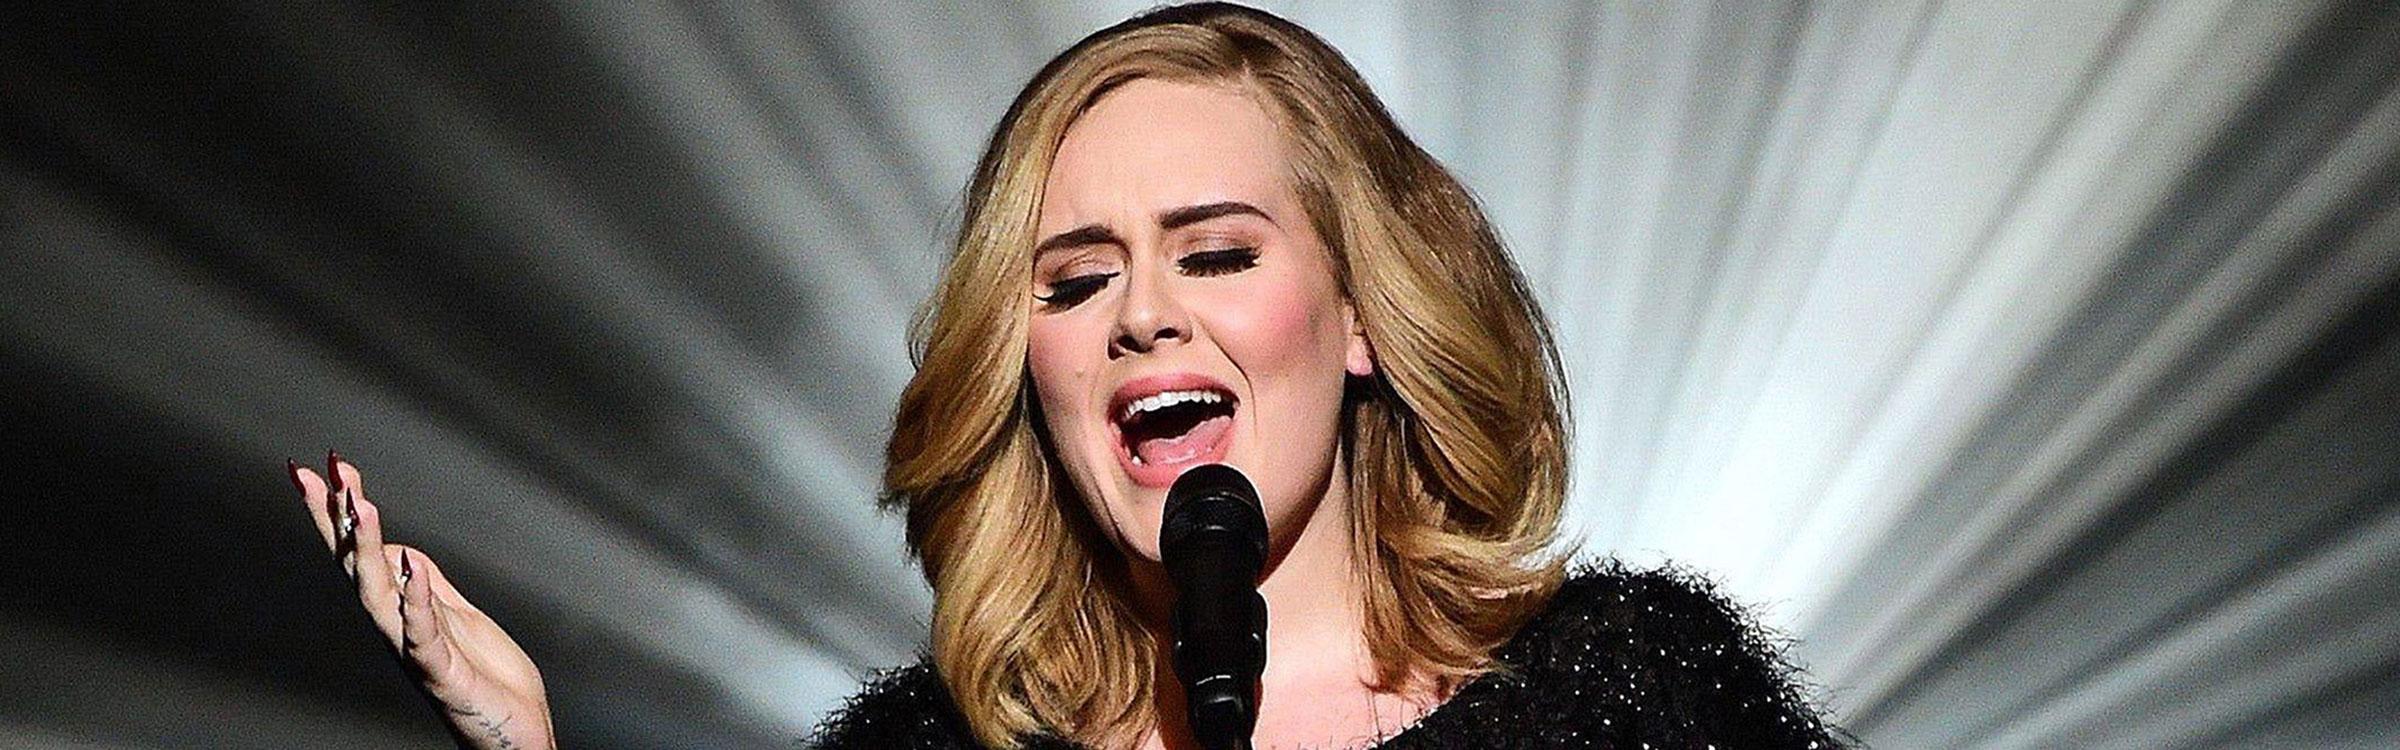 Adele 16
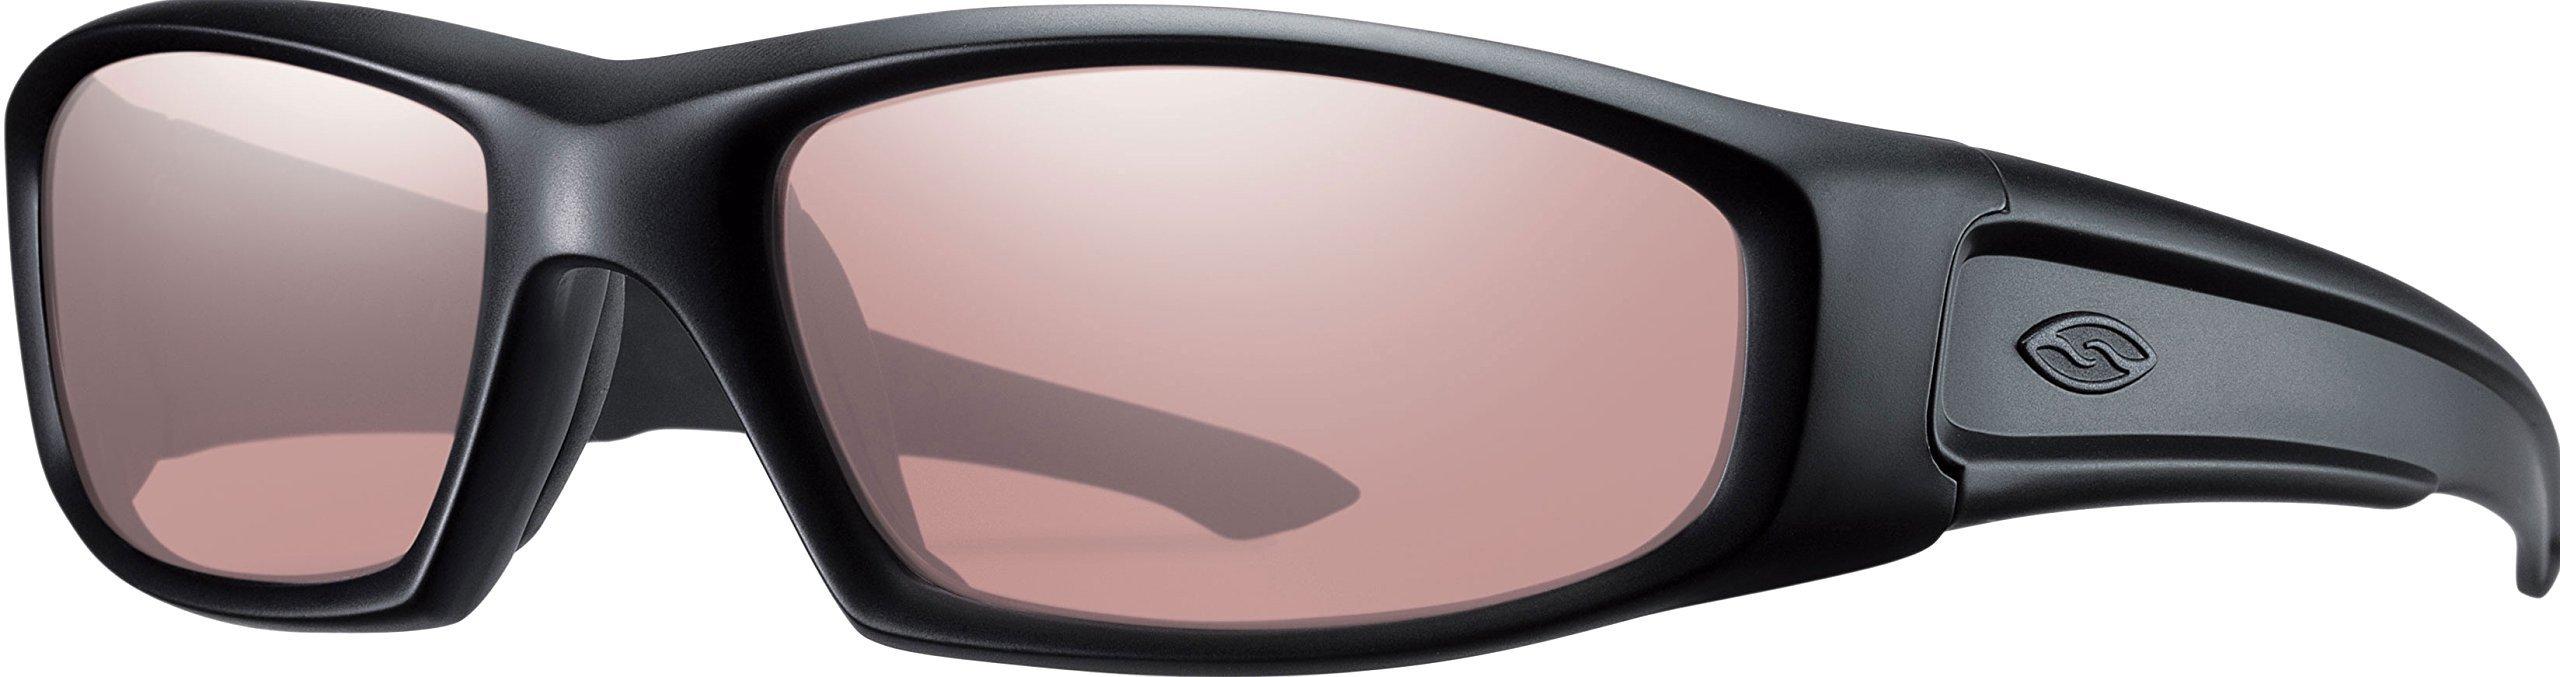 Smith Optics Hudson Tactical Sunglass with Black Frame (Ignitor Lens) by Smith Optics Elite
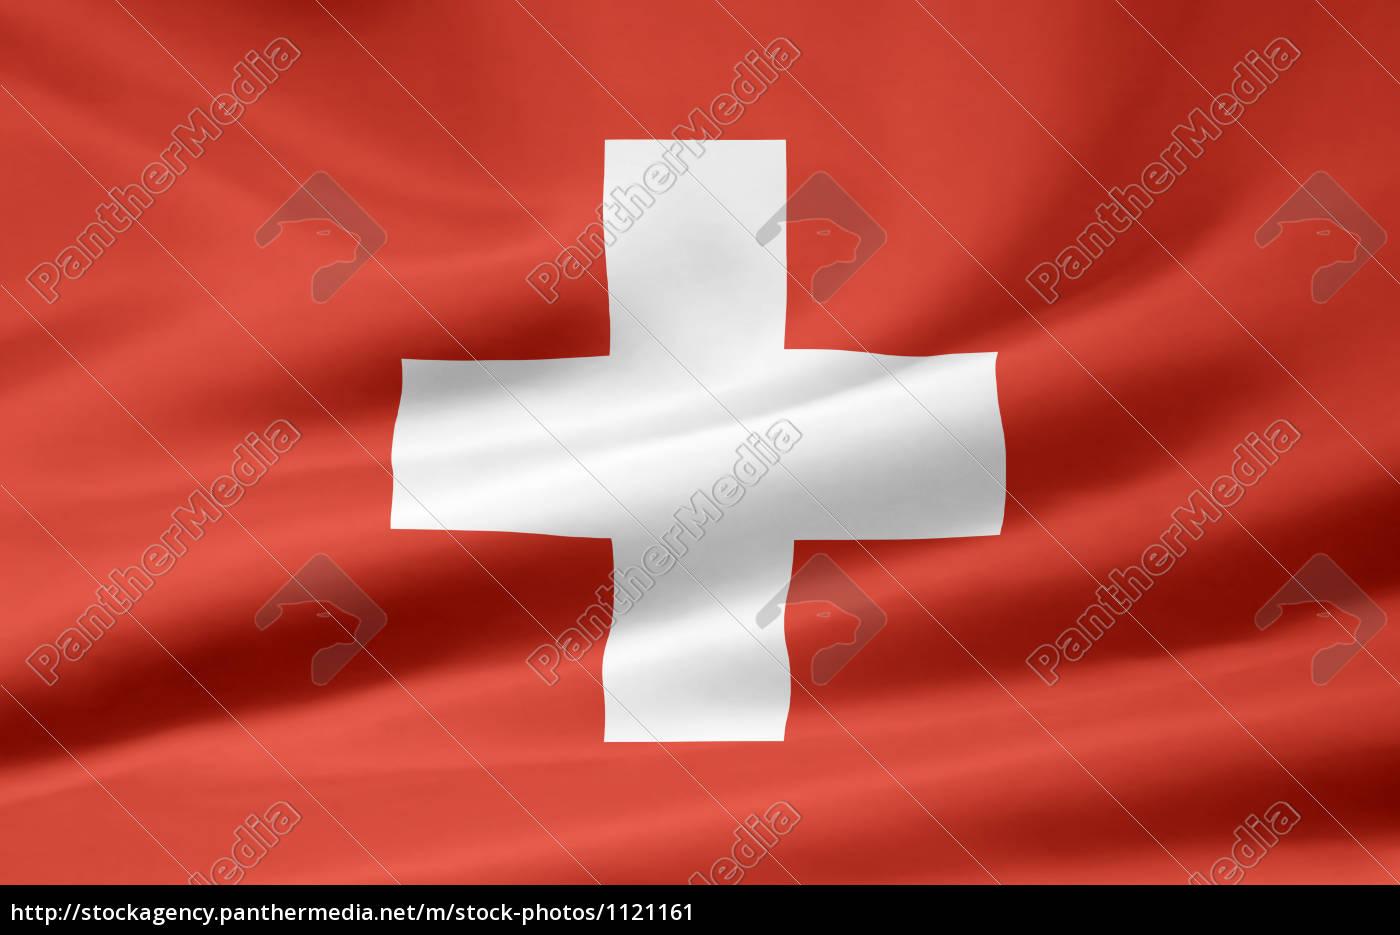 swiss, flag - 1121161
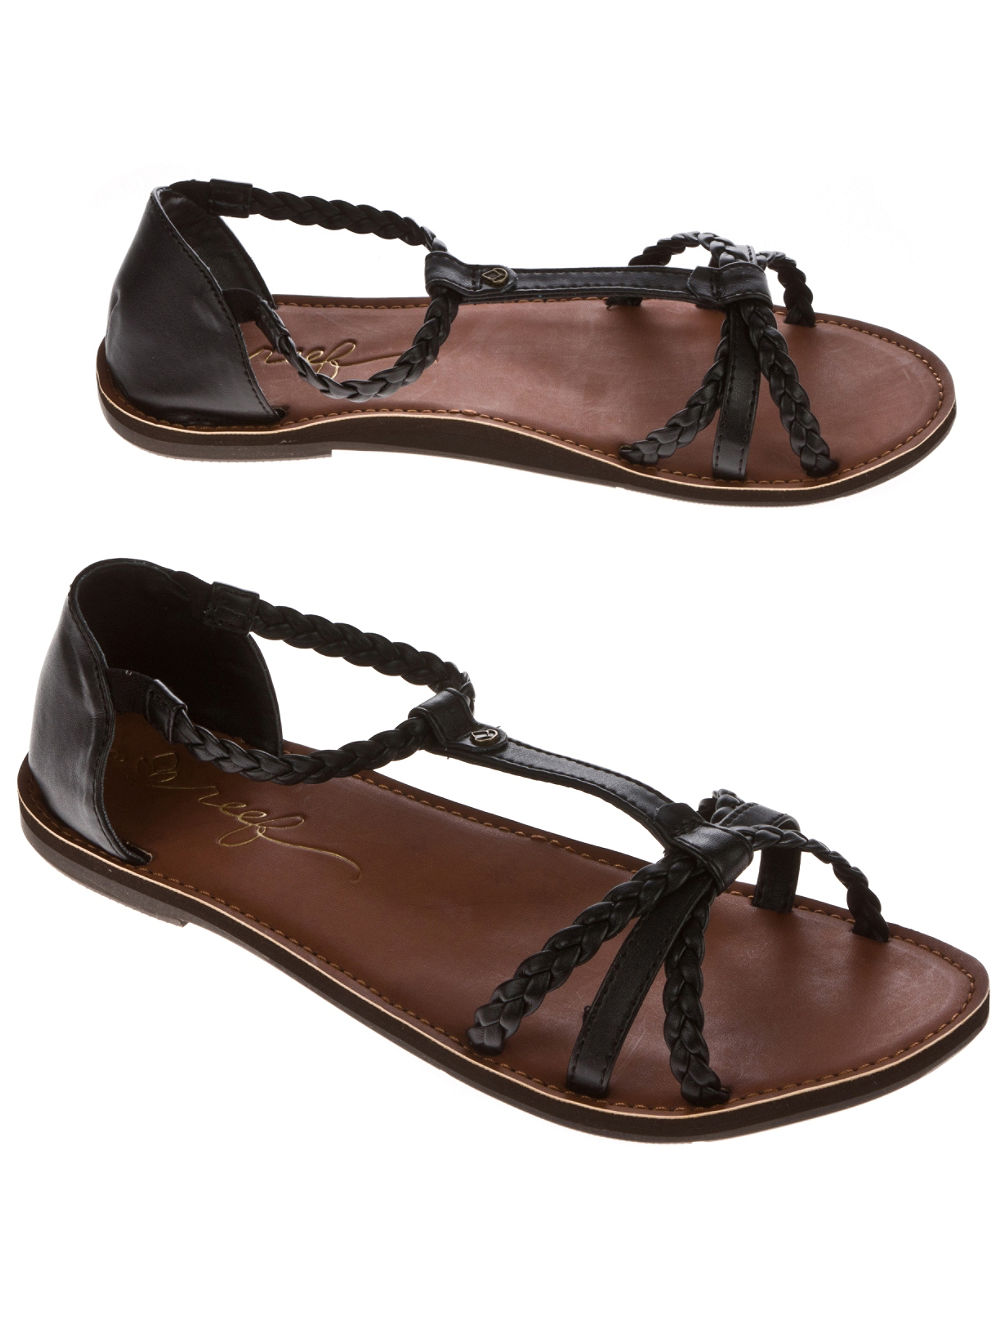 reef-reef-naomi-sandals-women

◇ ◇ ◇ ◇ ◇

◆ **Work order**: In the copy, keep every line of the data above exactly and drop each picture.

◆ **Exercise solution**:
 Adele 16
 Smith Optics Hudson Tactical Sunglass with Black Frame (Ignitor Lens) by Smith Optics Elite
 swiss, flag - 1121161
 reef-reef-naomi-sandals-women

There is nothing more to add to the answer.